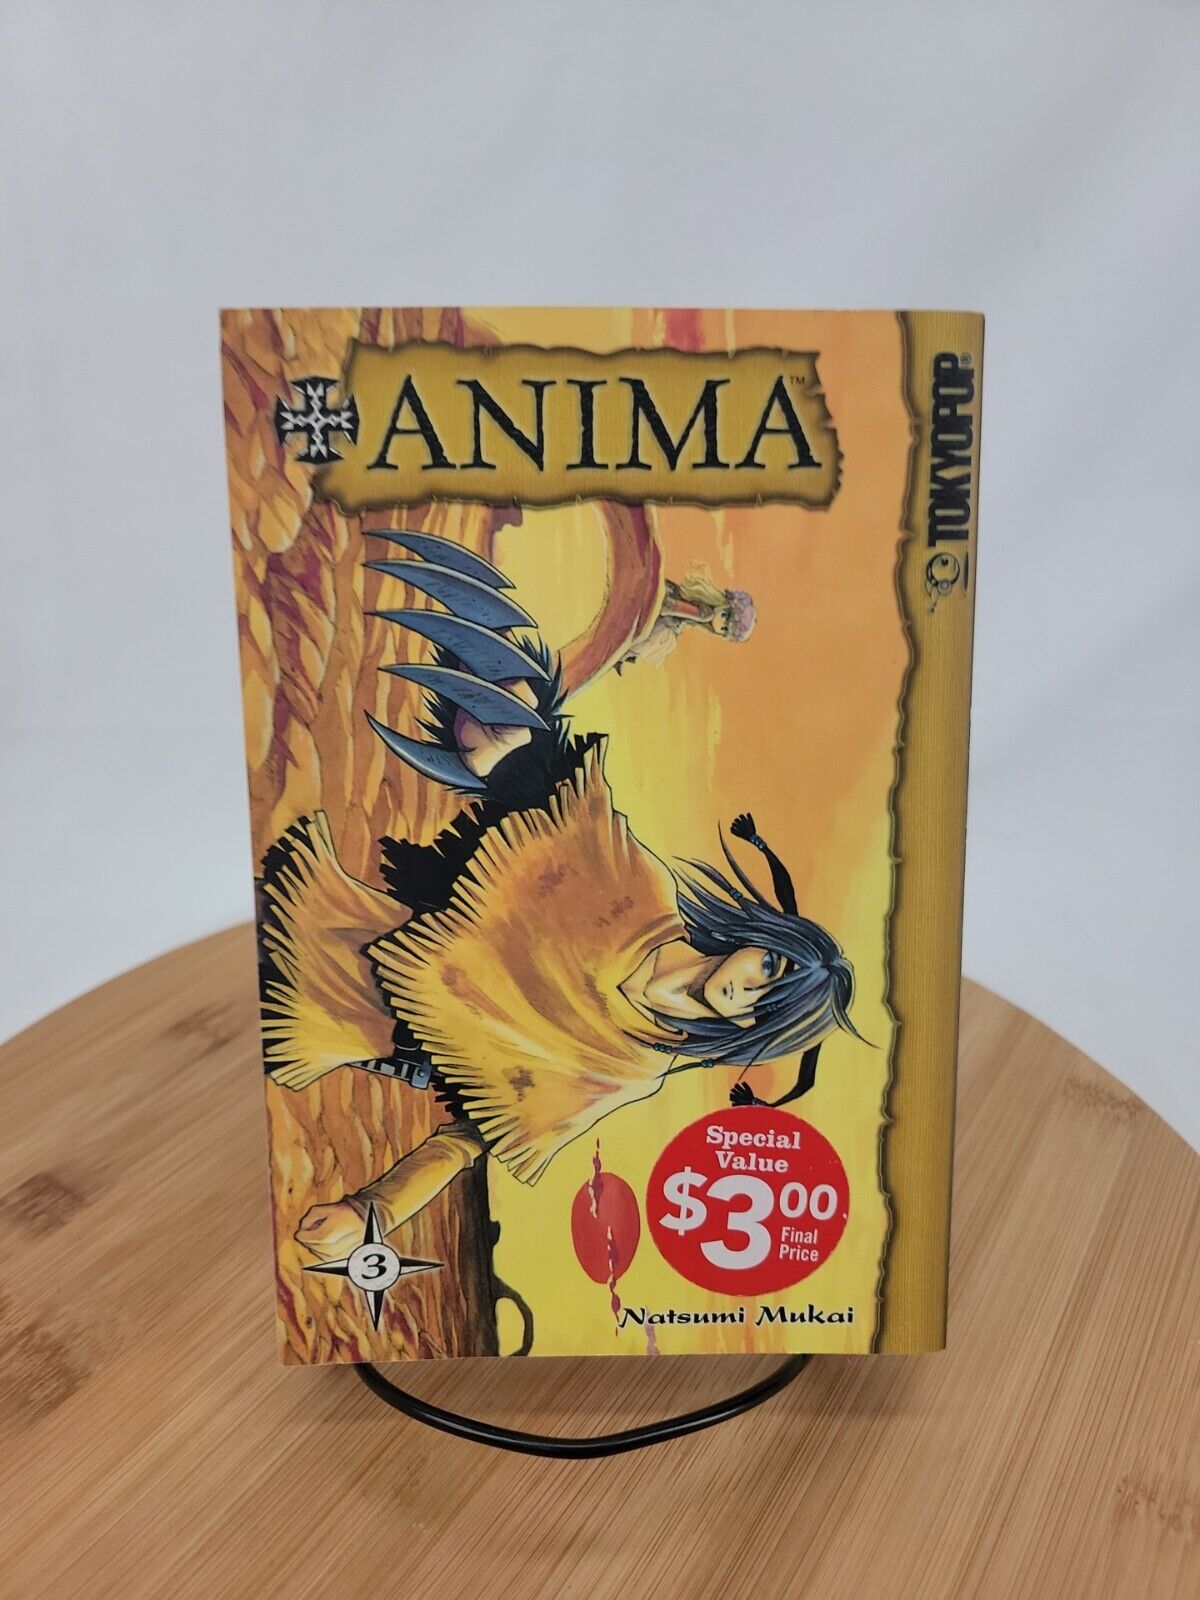 +Anima, Vol.3 by Natsumi Mukai (Tokyopop, English Manga) Graphic Novel Anime
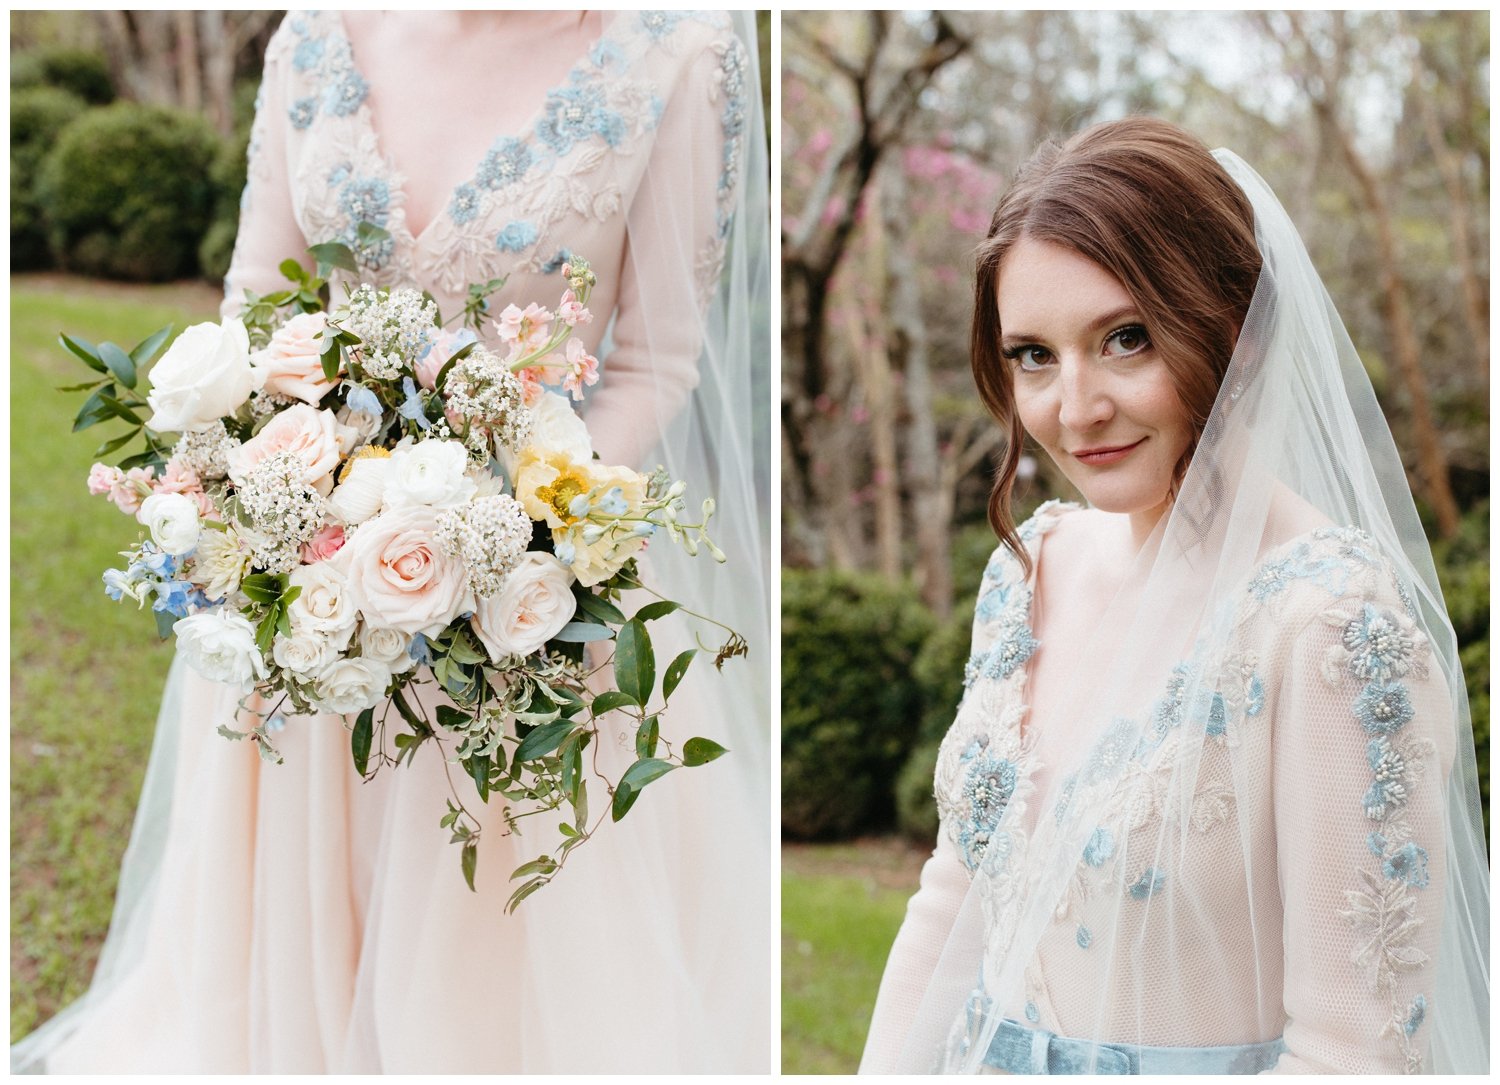 Details of bride's bouquet and veil at Atlanta intimate wedding venue
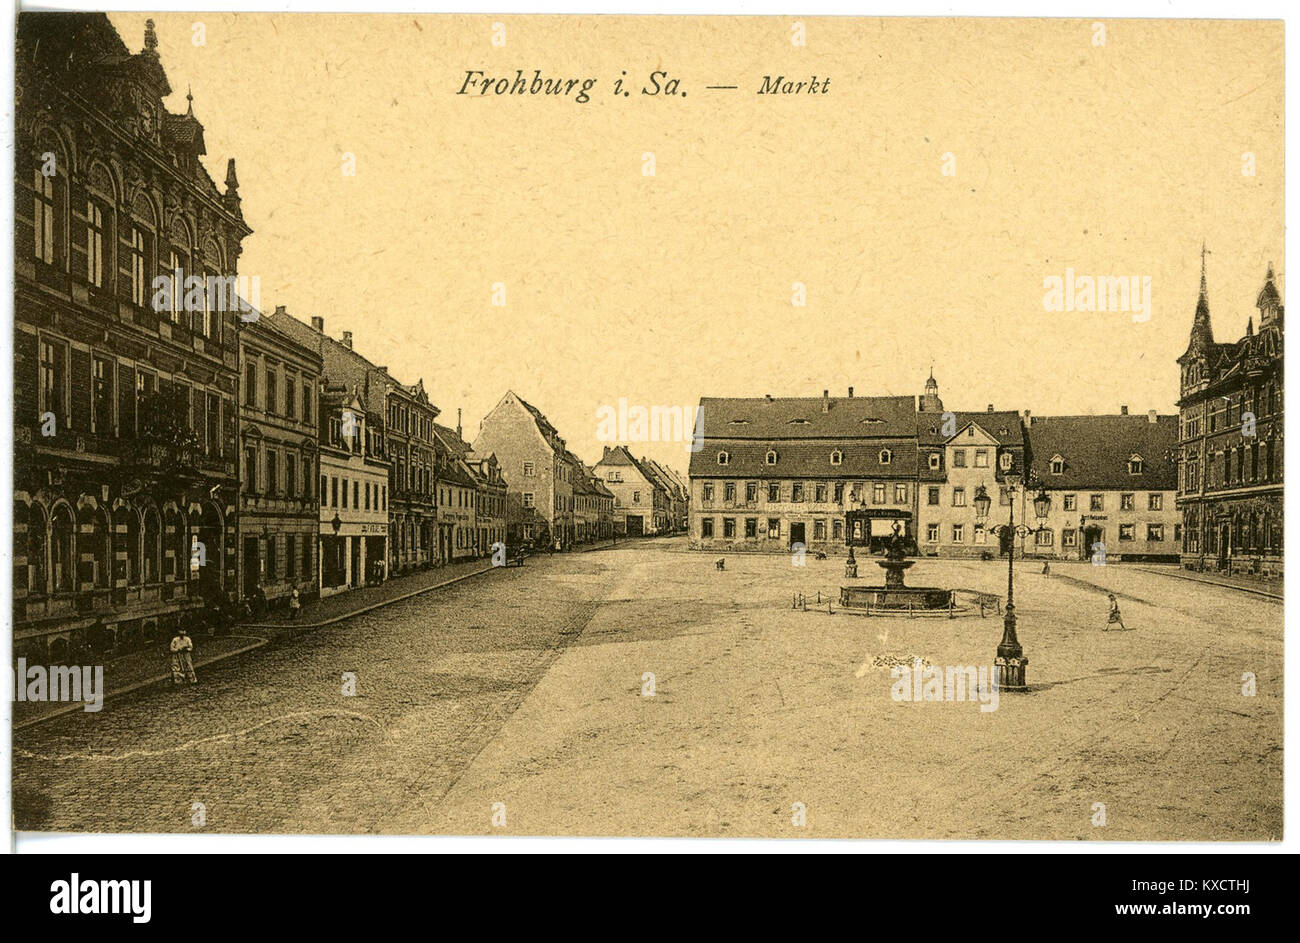 21659 - Frohburg-1920 - Markt-Brück&Sohn Kunstverlag Stockfoto
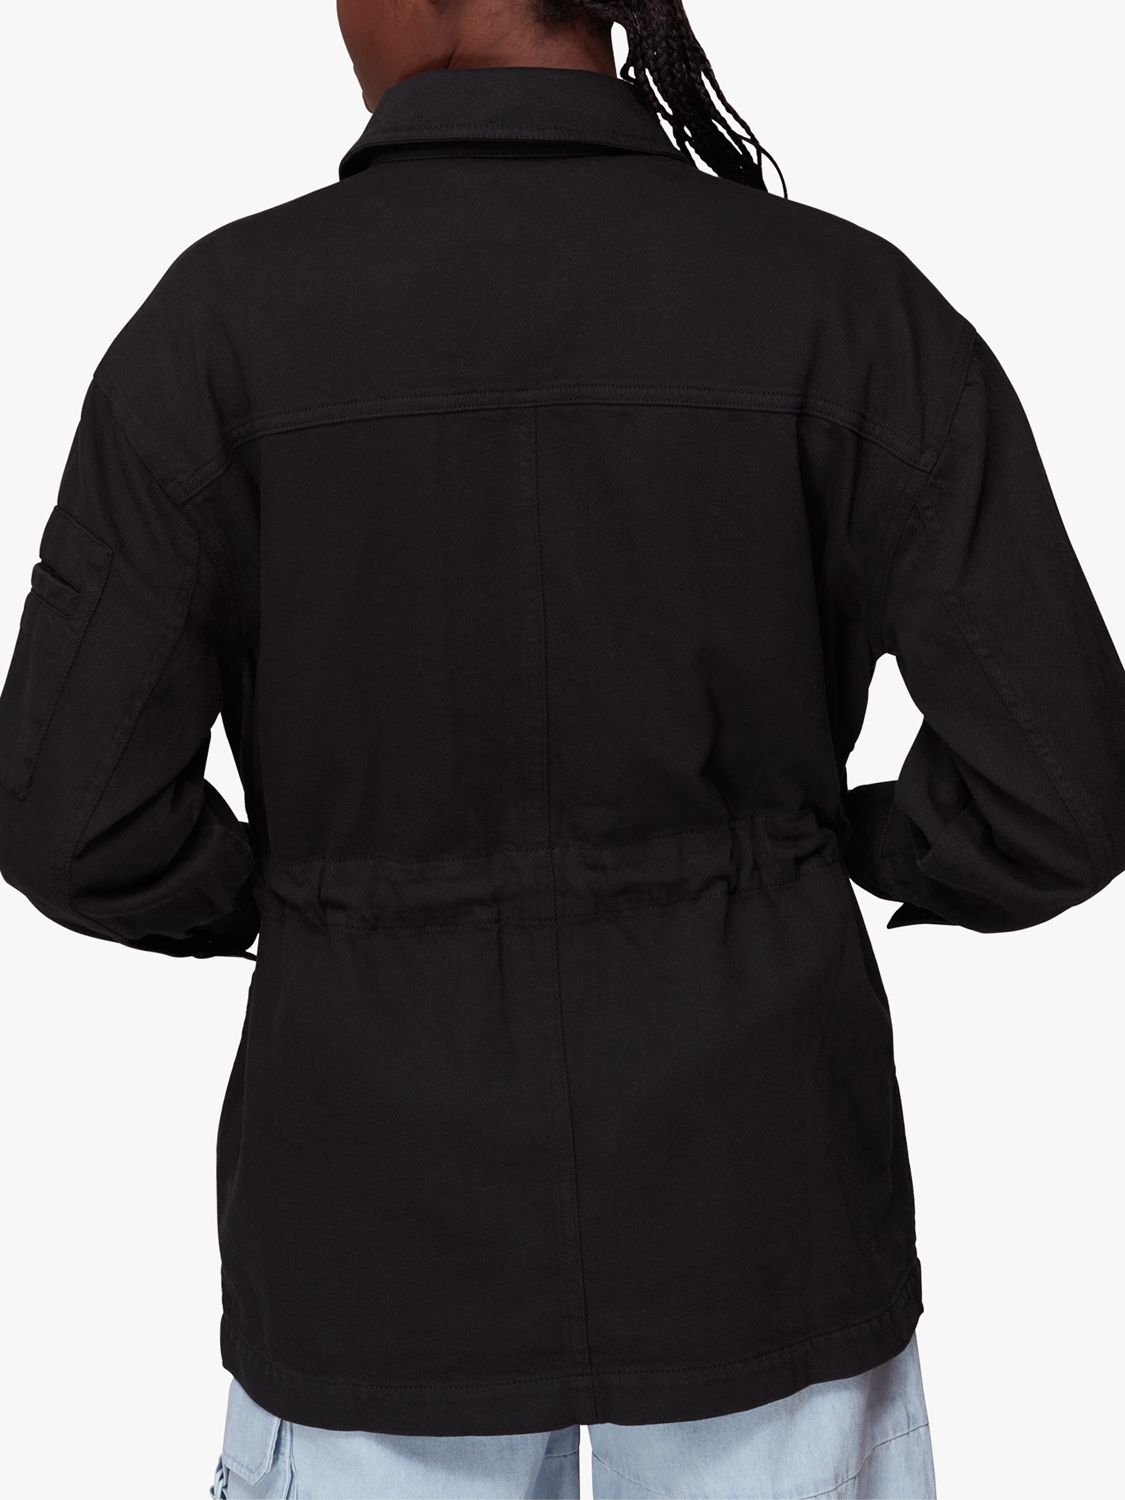 Whistles Carly Cargo Military Jacket, Washed Black at John Lewis & Partners
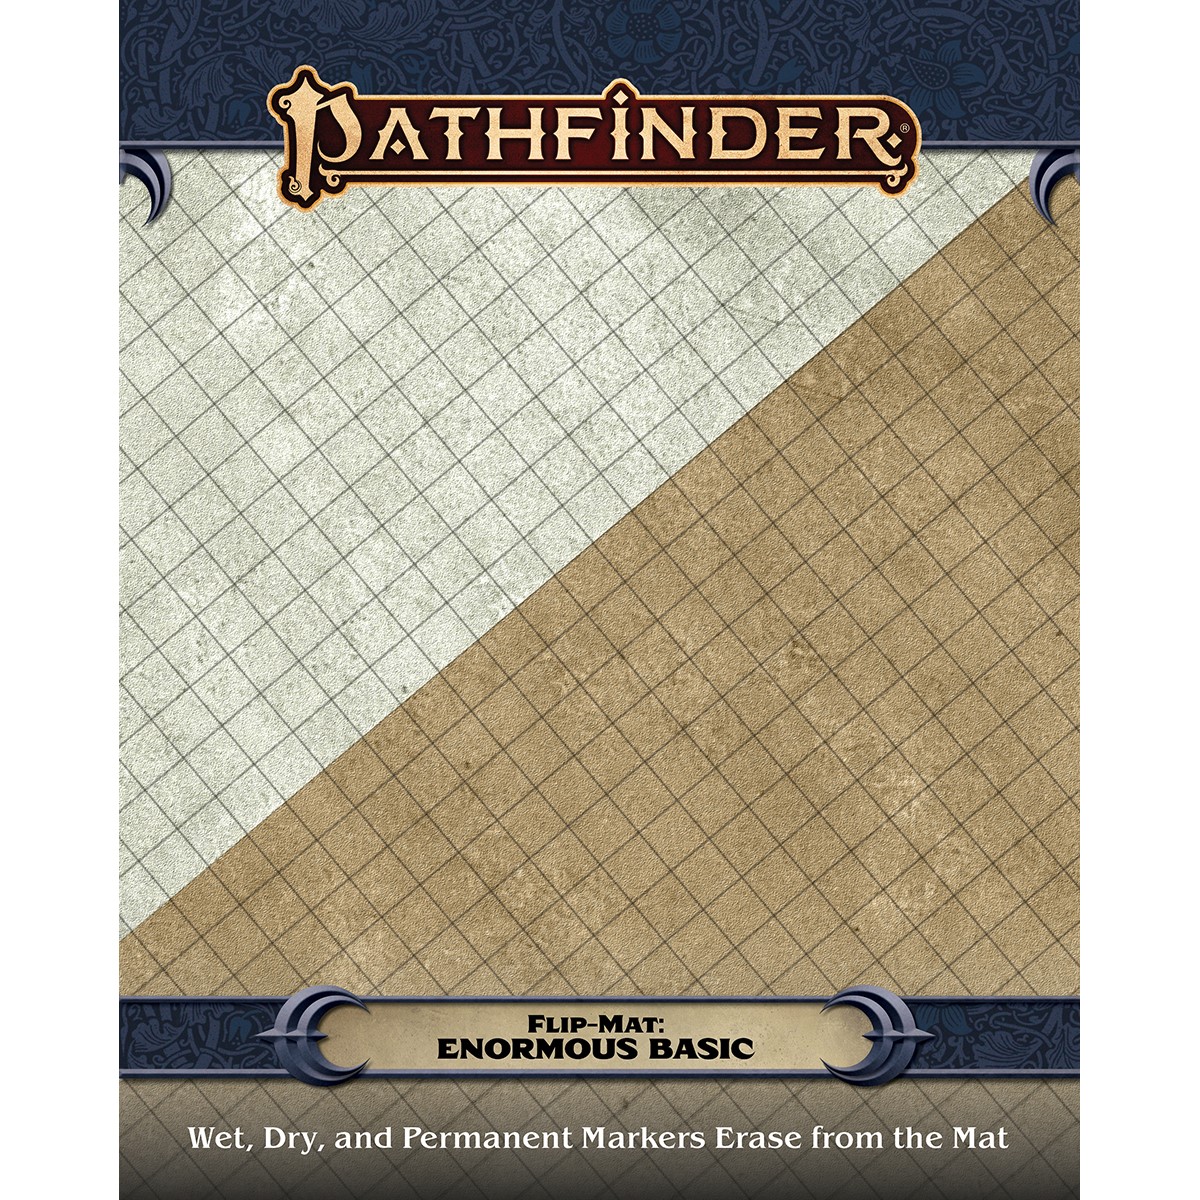 Pathfinder　Basic　Mat:　Enormous　Play　Accessories:　Let's　[::]　Flip　Games

· · · · ·

Try it =>
Quote only the lines that start at the line holding "Whistles Carly Cargo" and end at the last line of the entries, including both of those lines, and omit every picture.

Solution to this problem =>
 Whistles Carly Cargo Military Jacket, Washed Black at John Lewis & Partners
 Pathfinder　Basic　Mat:　Enormous　Play　Accessories:　Let's　[::]　Flip　Games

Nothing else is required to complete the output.